Thanks, Sachankara, for your reply.

I tried fusermount -u /mnt/ntfs and got this message:

fusermount: entry for /mnt/ntfs not found in /etc/mtab

----------

## Sachankara

 *windz wrote:*   

> Thanks, Sachankara, for your reply.
> 
> I tried fusermount -u /mnt/ntfs and got this message:
> 
> fusermount: entry for /mnt/ntfs not found in /etc/mtab

 If the file system is not listed in /etc/mtab, then it's not mounted. Try mounting the file system like you always do, then run fusermount to unmount it.

----------

## windz

 *Sachankara wrote:*   

> If the file system is not listed in /etc/mtab, then it's not mounted. Try mounting the file system like you always do, then run fusermount to unmount it.

 

That's what I did.

$ mount /mnt/ntfs

- The partition is mounted correctly

$ fusermount -u /mnt/ntfs

- I get this message: fusermount: entry for /mnt/ntfs not found in /etc/mtab

----------

## windz

Another thing: although the error stated that 'entry for /mnt/ntfs not found in /etc/mtab', I found this entry from " cat /etc/mtab ":

/dev/hda1 /mnt/ntfs fuseblk rw,nosuid,nodev,noexec,noatime,allow_other,default_permissions,blksize=4096 0 0

----------

## irgu

 *windz wrote:*   

> I tried fusermount -u /mnt/ntfs and got this message:
> 
> fusermount: entry for /mnt/ntfs not found in /etc/mtab

 

This looks to be a fusermount bug and maybe the umount too with the 'user' option.

But umount works for me if I use the 'users' option (note the plural).

----------

## windz

 *irgu wrote:*   

> 
> 
> This looks to be a fusermount bug and maybe the umount too with the 'user' option.
> 
> But umount works for me if I use the 'users' option (note the plural).

 

Thanks. That worked.
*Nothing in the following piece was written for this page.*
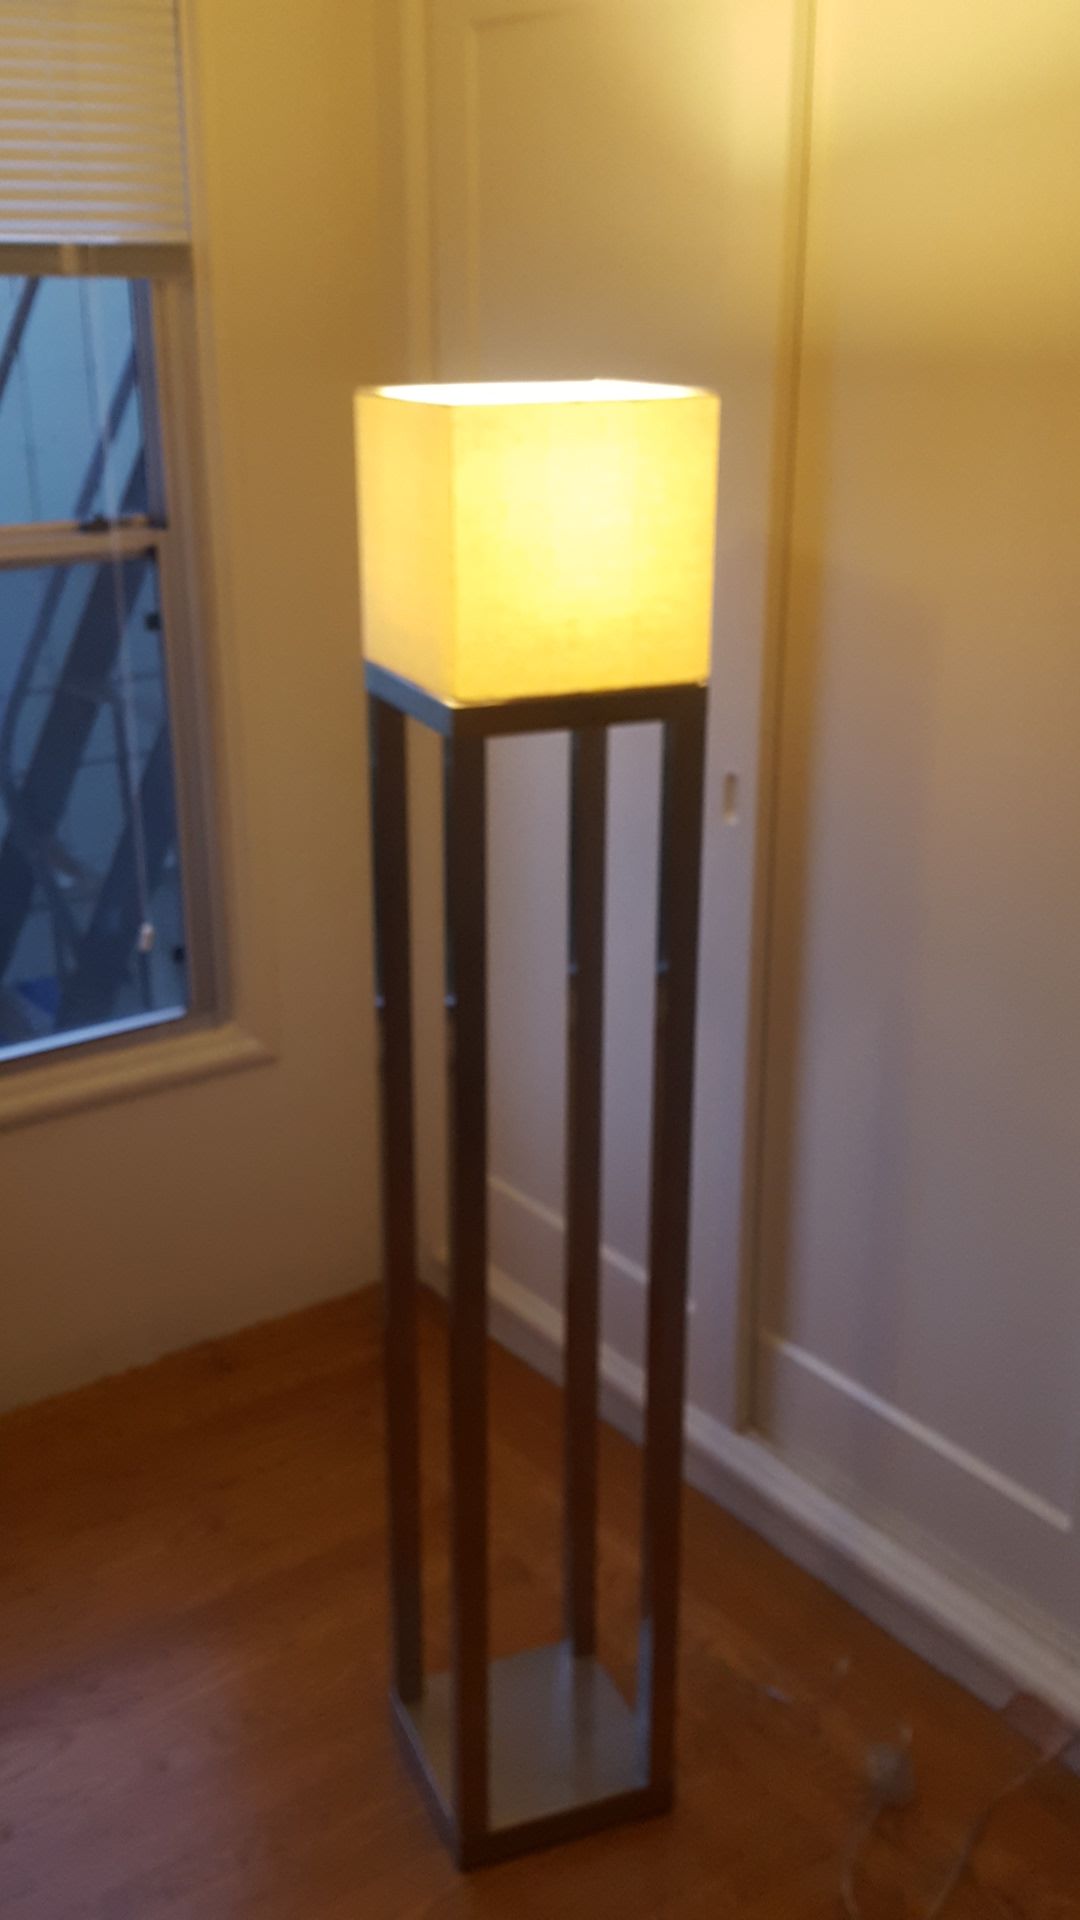 Crate and Barrel floor lamp

I wonder though what the difference between user and users is. 'user' works for the rest of my removable drives. 

Thanks again.

----------

## Hu

 *windz wrote:*   

> I wonder though what the difference between user and users is. 'user' works for the rest of my removable drives. 

 

From man mount:

 *Quote:*   

> 
> 
>              user   Allow an ordinary user to mount  the  file  system.   The
> 
>                      name  of  the mounting user is written to mtab so that he
> ...

 

Loosely, this means that if you use users, then Alice can mount the filesystem, but Bob unmount it from under her.  If you use user, only Alice (or root) can unmount the filesystem after Alice mounts it.

----------